The clause limiting liability to “ one-sixtieth part of each item” was evidently intended to distribute the insurance proportionately over all the items. It is a distributable policy. If the intention had been to limit the liability to one-sixtieth part of the loss on each item, it should have been clearly so stated. The object of insurance is indemnity. The construction contended for would lead to the curious result that although Hoffman had sustained a loss of $51,000, and had insurance to the amount of $60,000, yet he would be unable to realize upon this insurance an amount sufficient *740to indemnify him. One-sixtieth of the. total loss of $51,000 would be only $850, and this is the amount which the Germania Company insists that it is obligated to pay upon a policy of $1,500. The opposite contention would make the proportion of this loss to be paid by the same company $1,275, after prorating the loss with all the other risks upon the property at time of loss. The same rule contended for by defendants, applied to all the other insurance, would result in throwing about twenty-five per cent, of the loss upon the assured, although his loss was much less than the face of his policies.
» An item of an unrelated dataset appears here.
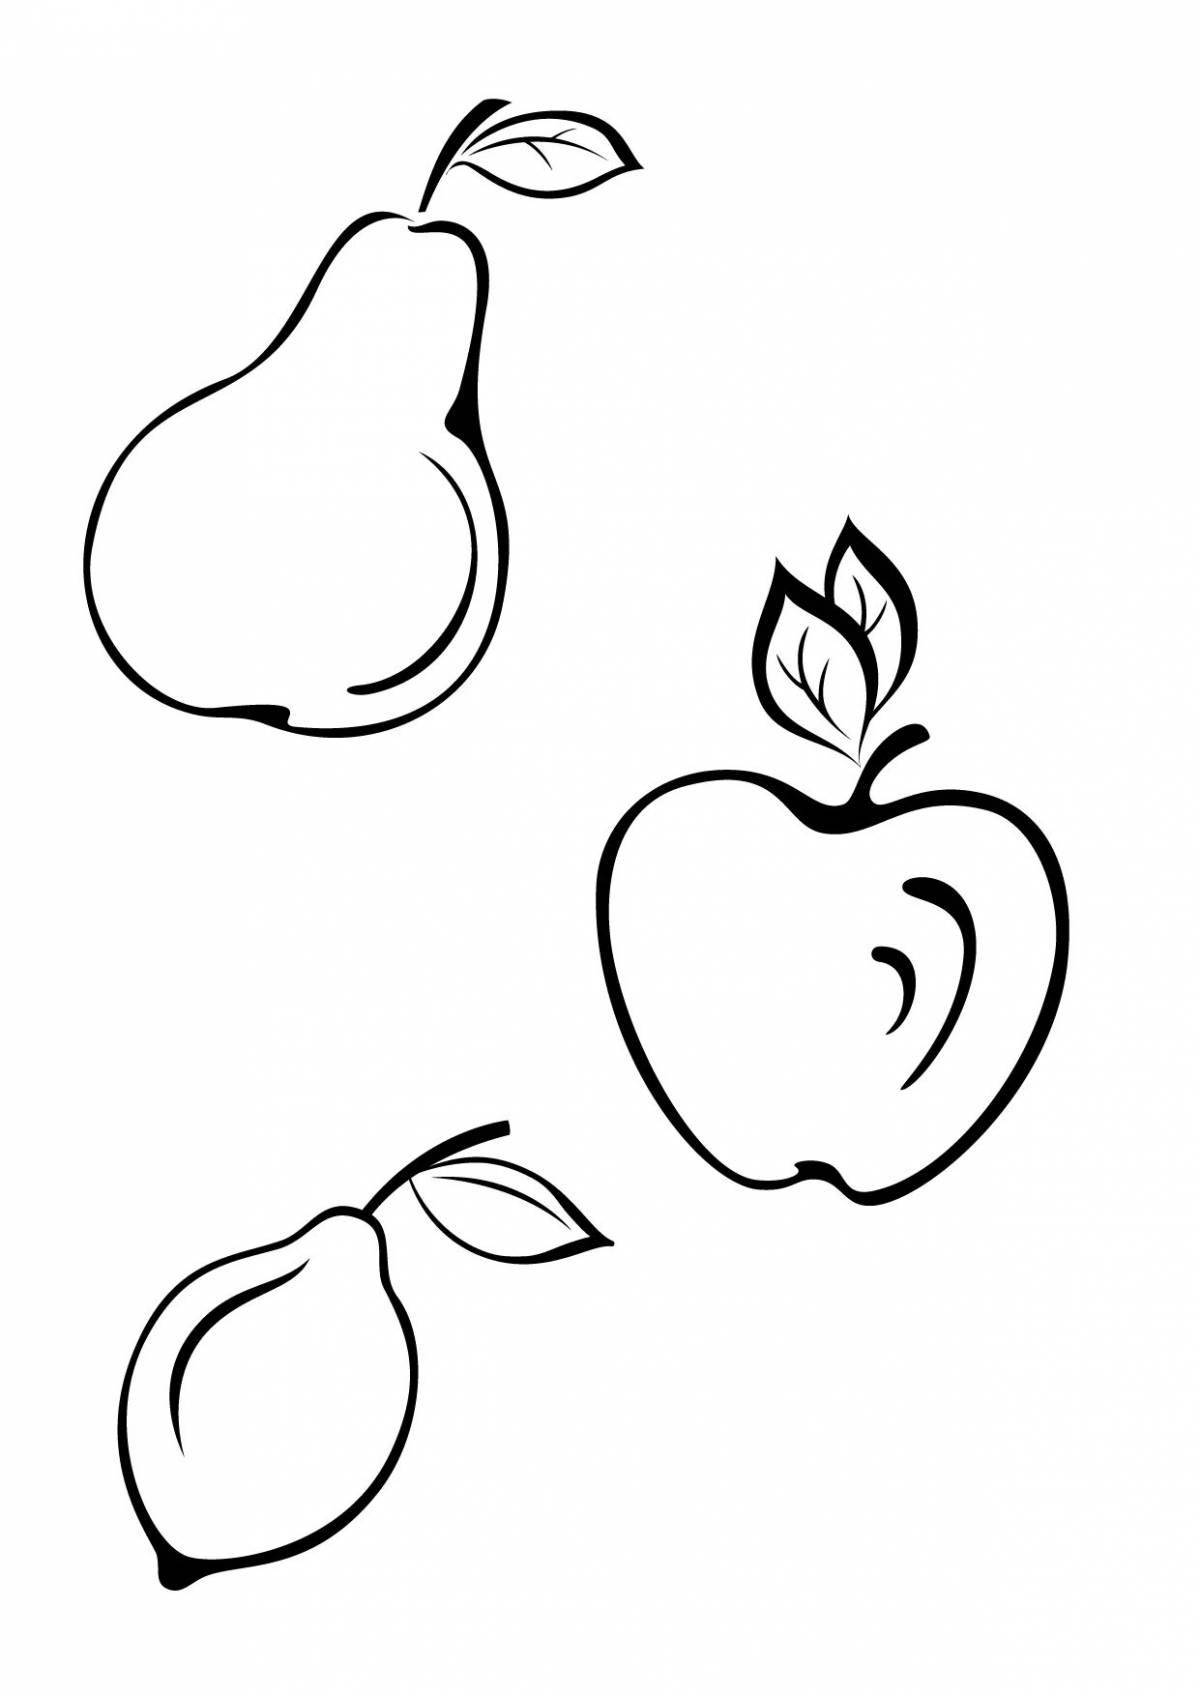 Adorable apple pear coloring page

The extensions opposite the specification of items was clearly intended to show the estimated value of each item. The purpose in separating the insured . property into separate items of varying value was to distribute the insurance proportionately upon these several Items. The words limiting the liability to “ one-sixtieth part of each item ” are equivalent to saying that if any one of these items shall be destroyed the company’s liability shall not exceed one-sixtieth of the estimated value of such item.

This meaning would not be more plainly expressed if it had stated the liability to be one-sixtieth part of the sum stated opposite each item. Thus, the first item is a stone building designated as “A” on plan, and extended at $10,000. Now, one-sixtieth part of $10,000 is $166.66, and if, instead of saying that the liability should be limited *741to “ one-sixtieth part of each item,” it had stated that the liability upon this stone building should not exceed $166.66, being one-sixtieth of $10,000, the meaning would not be more obvious. If the construction insisted upon by defendants was equally as tenable as the one we have advanced, then, inasmuch as the object of such a contract is indemnity, that construction should be adopted which gives indemnity.

The rule is well settled that if a clause in a policy of insurance be susceptible of two ‘ equally reasonable constructions, that construction will be accepted which is most favorable to the assured. May on Ins., Sec. 175.

The decrees of the Chancellor in the several cases were in all respects in conformity to the contract, and must be affirmed with all costs.